-- Exercise data --
== == ==

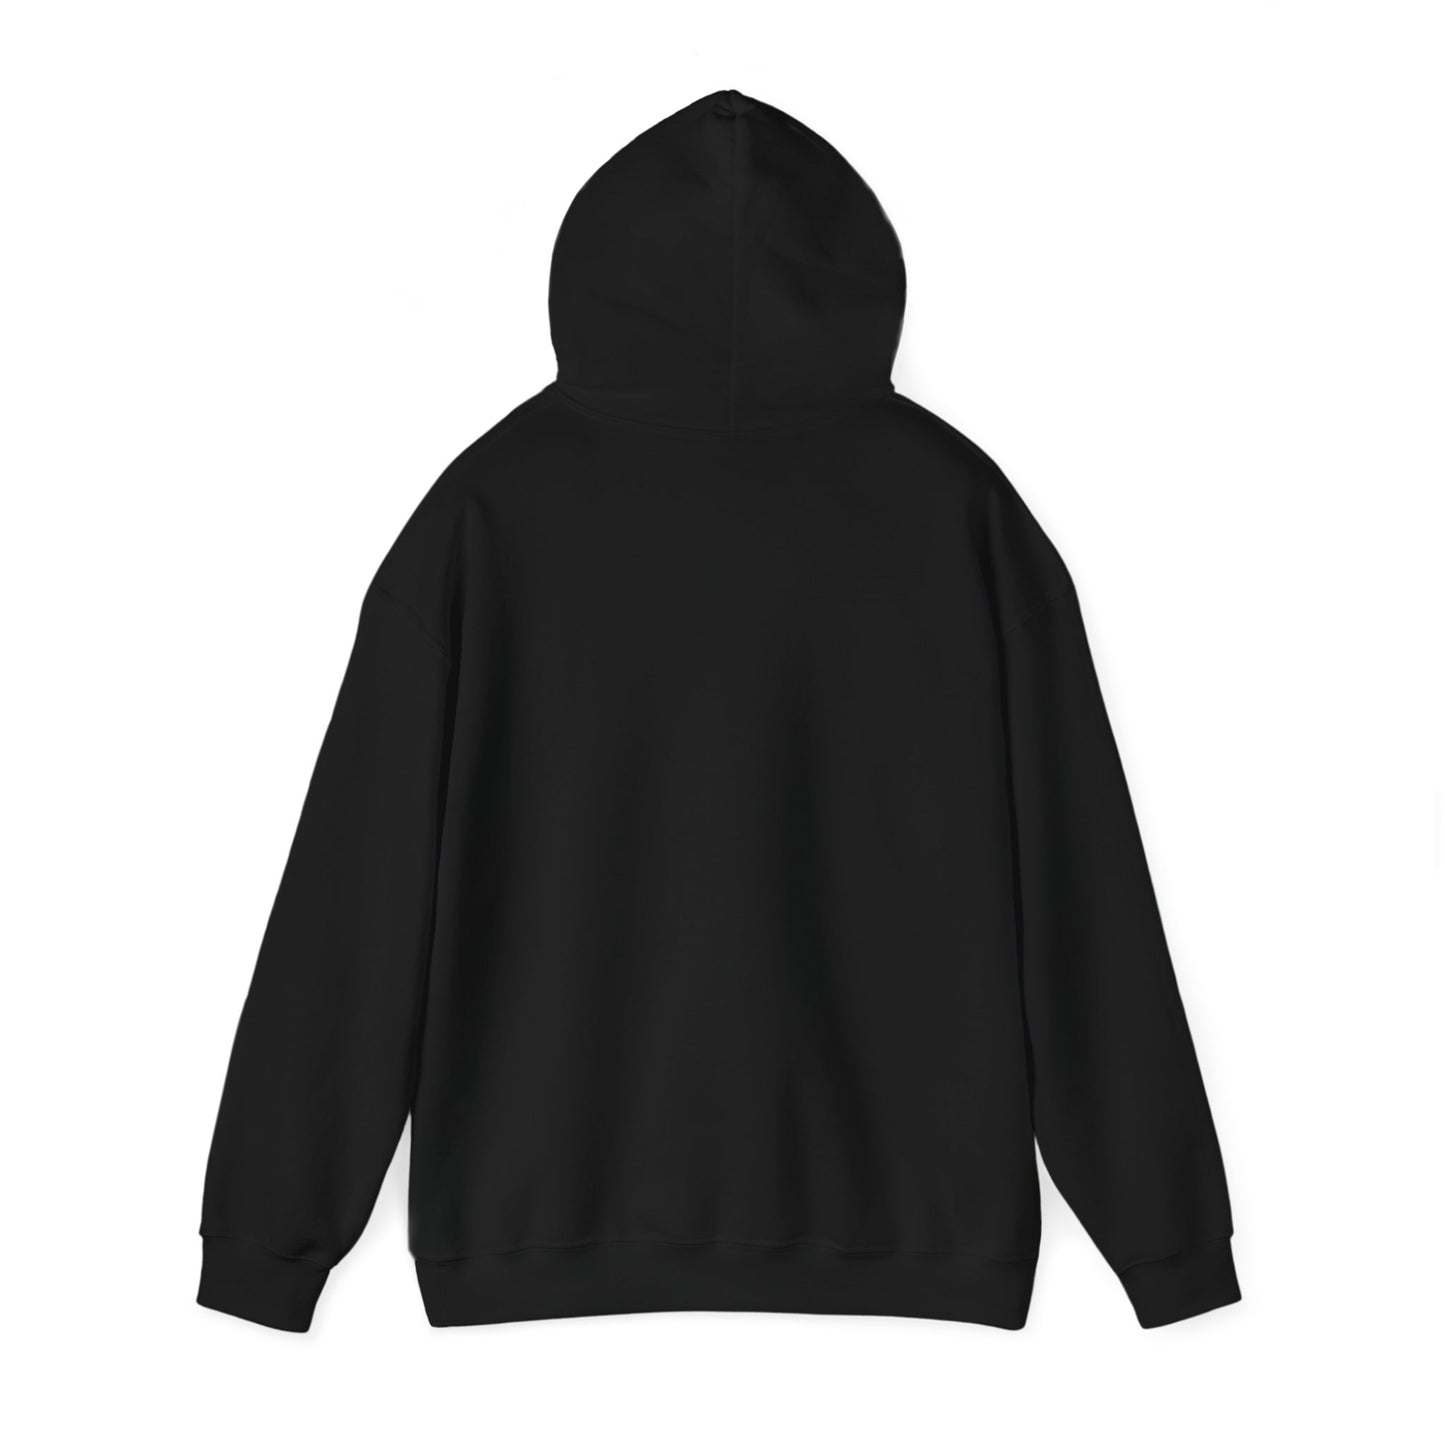 Be KIND - Hooded Sweatshirt
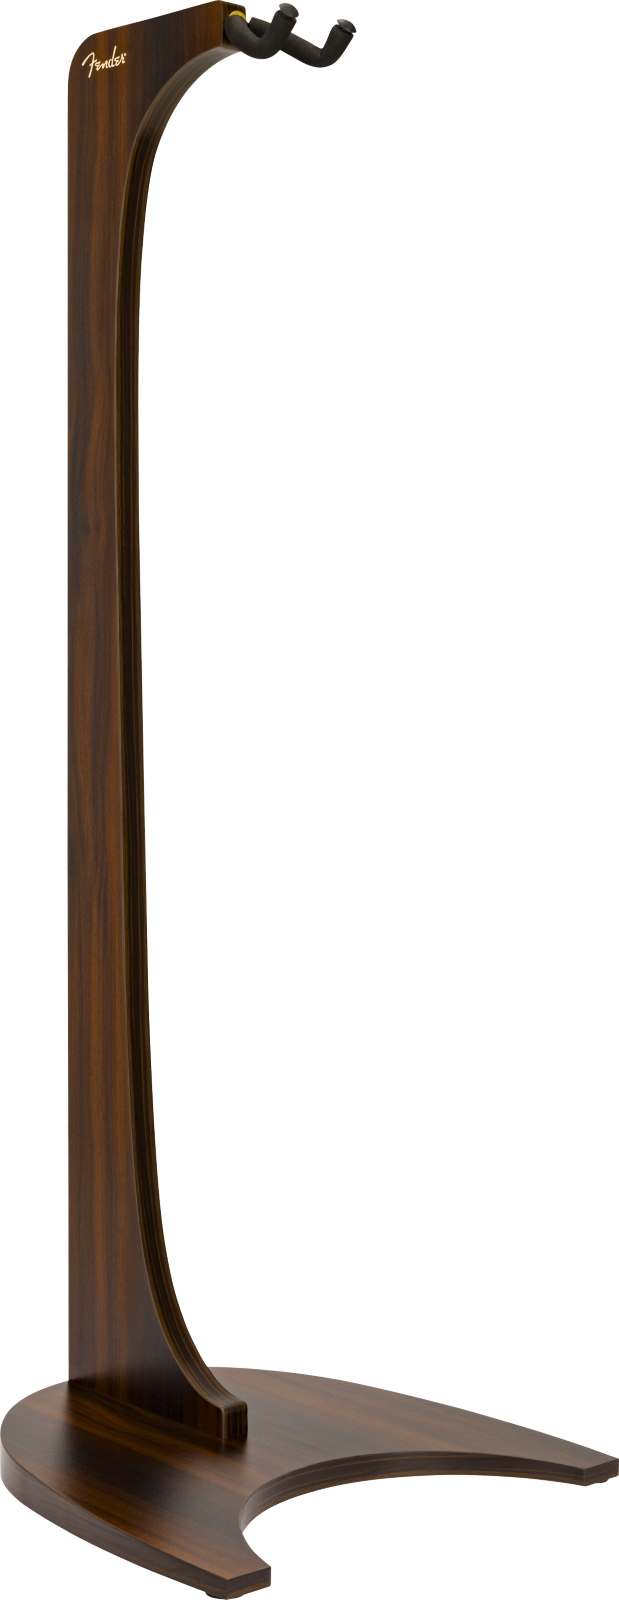 Fender Deluxe Wooden Hanging Stand : photo 1
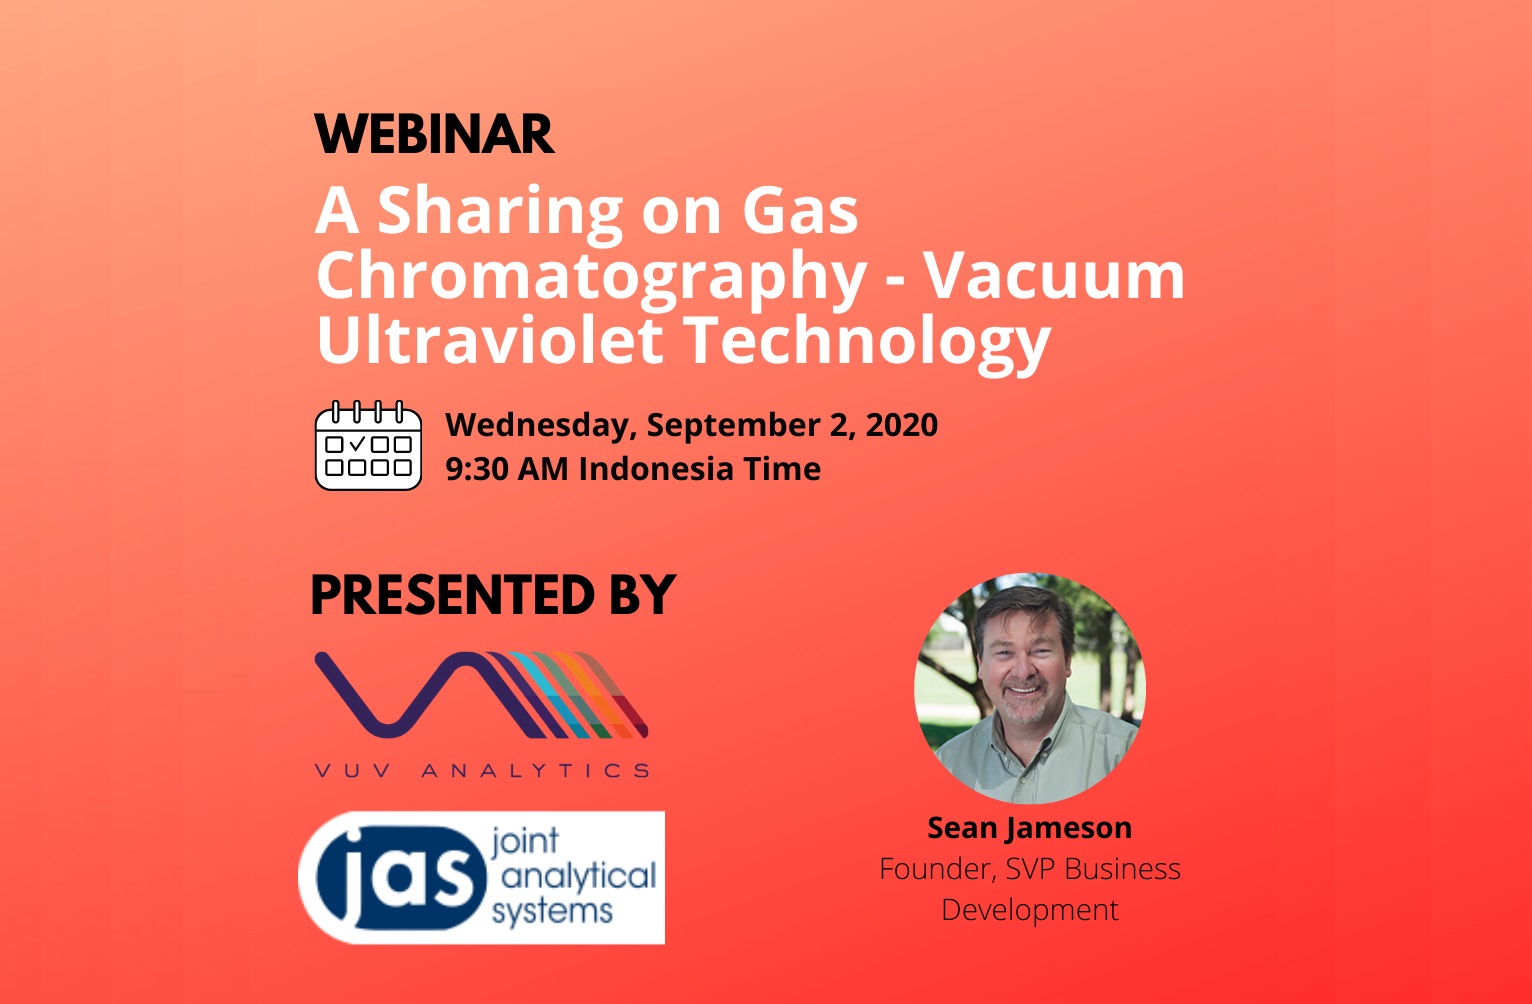 VUV Analytics: A Sharing on Gas Chromatography - Vacuum Ultraviolet Technology

== == ==

-- Brief --
From the first line to the last, retype the data exactly, but omit every image.

-- Result --
 Be KIND - Hooded Sweatshirt
 Fender Deluxe Wooden Hanging Stand : photo 1
 VUV Analytics: A Sharing on Gas Chromatography - Vacuum Ultraviolet Technology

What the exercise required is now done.